However, this specialisation is a significant trade-off. While the fine-tuned model becomes an expert at its specific task, it may lose its ability to generalise, performing poorly if the task changes or a very different prompt is used. This means a fine-tuned model should be treated as a new, specialised tool and should not be used for other, unrelated tasks that the original base model could handle. Furthermore, the fine-tuning process itself can disrupt the model's original safety mechanisms. This can create new, unexpected "edge cases" or vulnerabilities that were not present in the base model. As a result, a fine-tuned model requires its own rigorous testing and evaluation to ensure it is not only accurate but also safe and reliable in its new, specialised context.

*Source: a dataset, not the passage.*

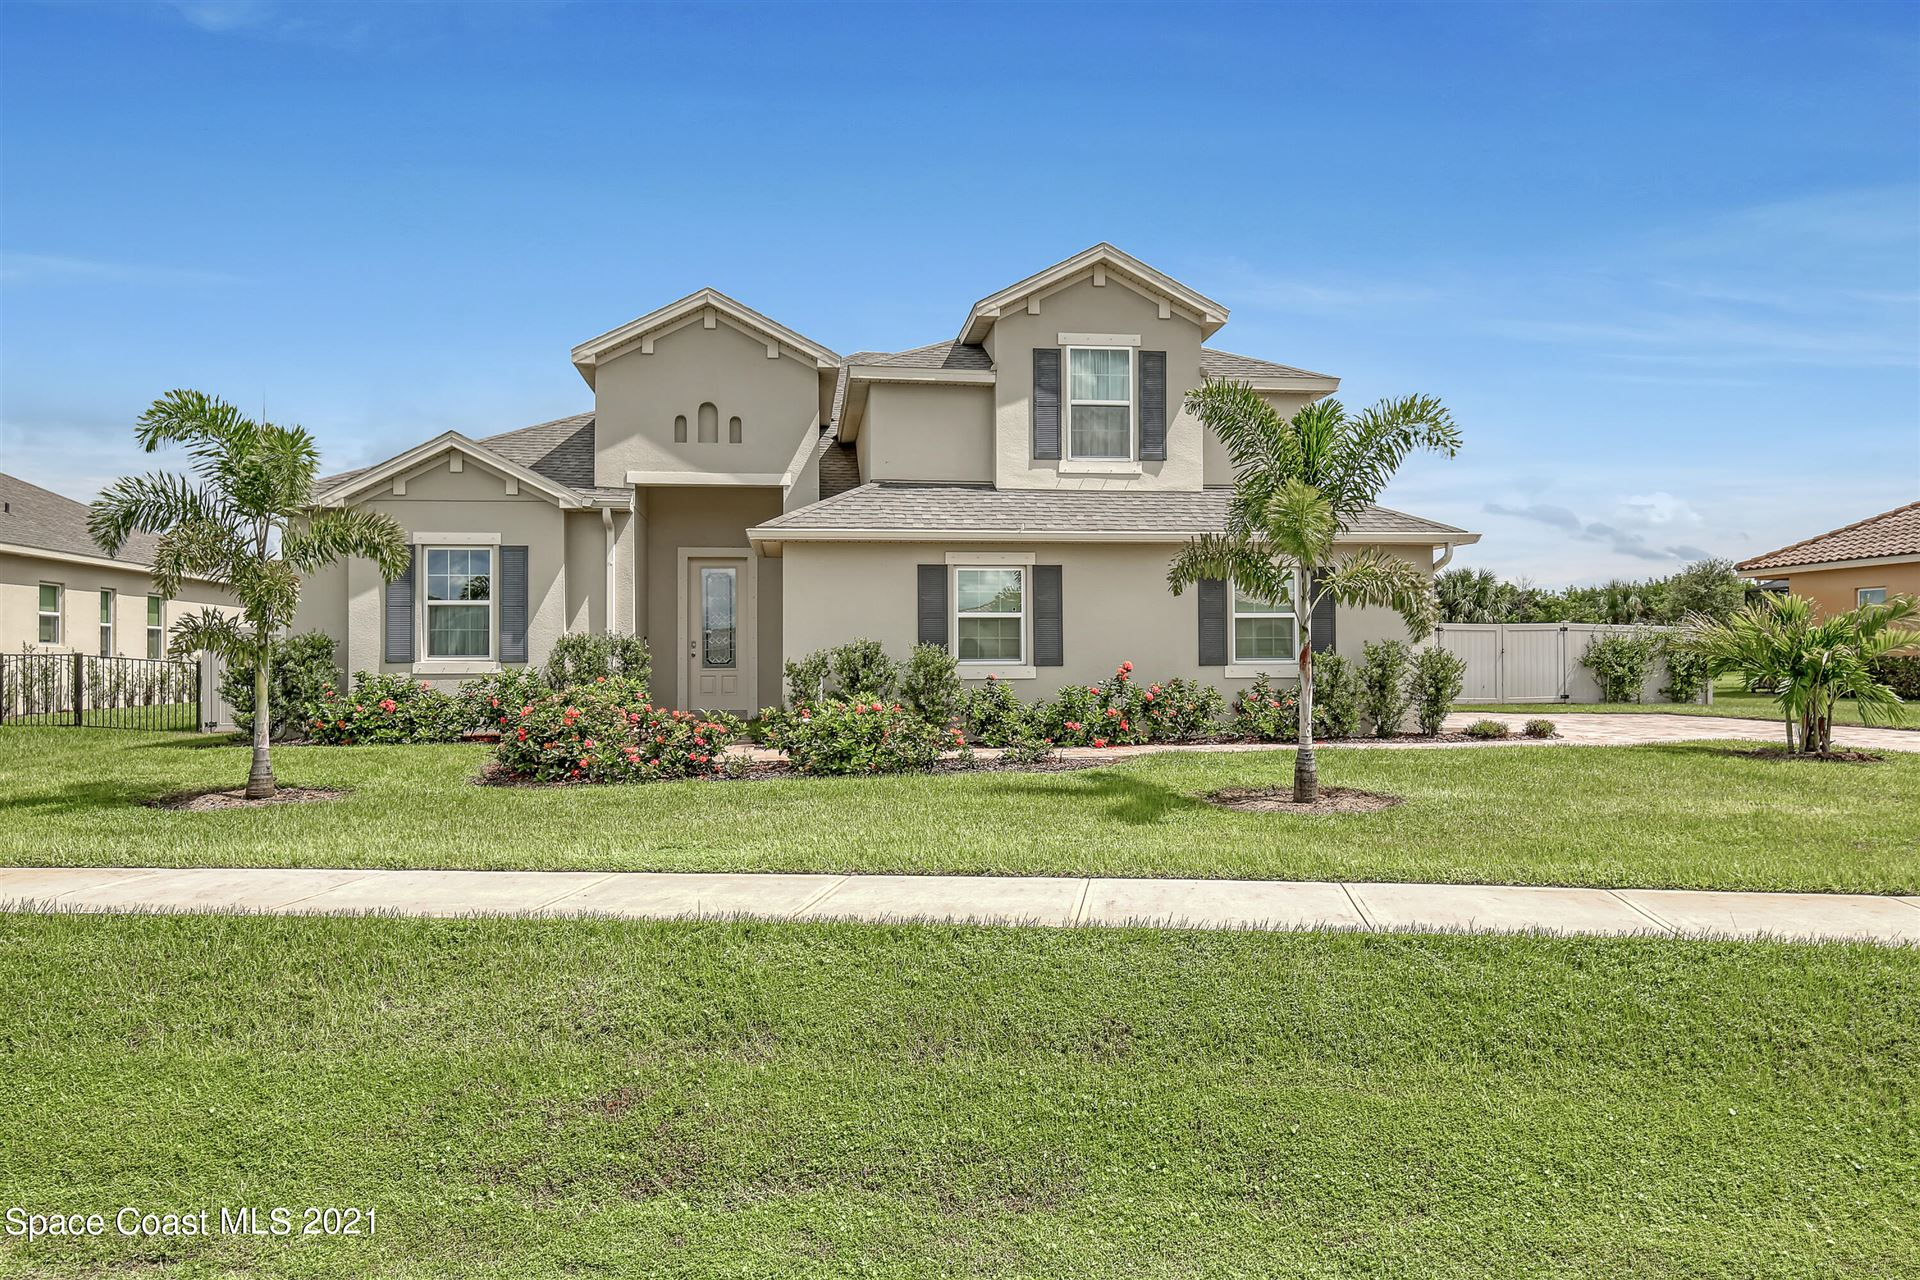 7277 Preserve Pointe Drive, Merritt Island, FL 32953 - #: 916383

Aspect	Prompt Engineering	Fine-Tuning
Instruction Method	Crafting text instructions (prompts)	Providing input-output example pairs
Ease of Setup	Immediate - just write a prompt	Requires dataset preparation and a fine-tuning pipeline (most LLM APIs provide an easy-to-use fine-tuning pipeline)
Consistency	Can be inconsistent across diverse inputs	More consistent once trained on examples
Flexibility	Offers immediate, fine-grained control over outputs, adaptable in real time	Makes permanent changes, less adaptable without retraining
Cost	API usage for each prompt call	Higher initial cost (compute for training), then cheaper calls due to smaller prompts
Potential Downsides	It can be time-consuming to perfect. May not be reliable for highly nuanced or edge-case-driven tasks.	Becomes over-specialised and loses general-purpose capabilities; it should not be used for other tasks. Can disrupt safety mechanisms, creating new edge cases that require thorough testing.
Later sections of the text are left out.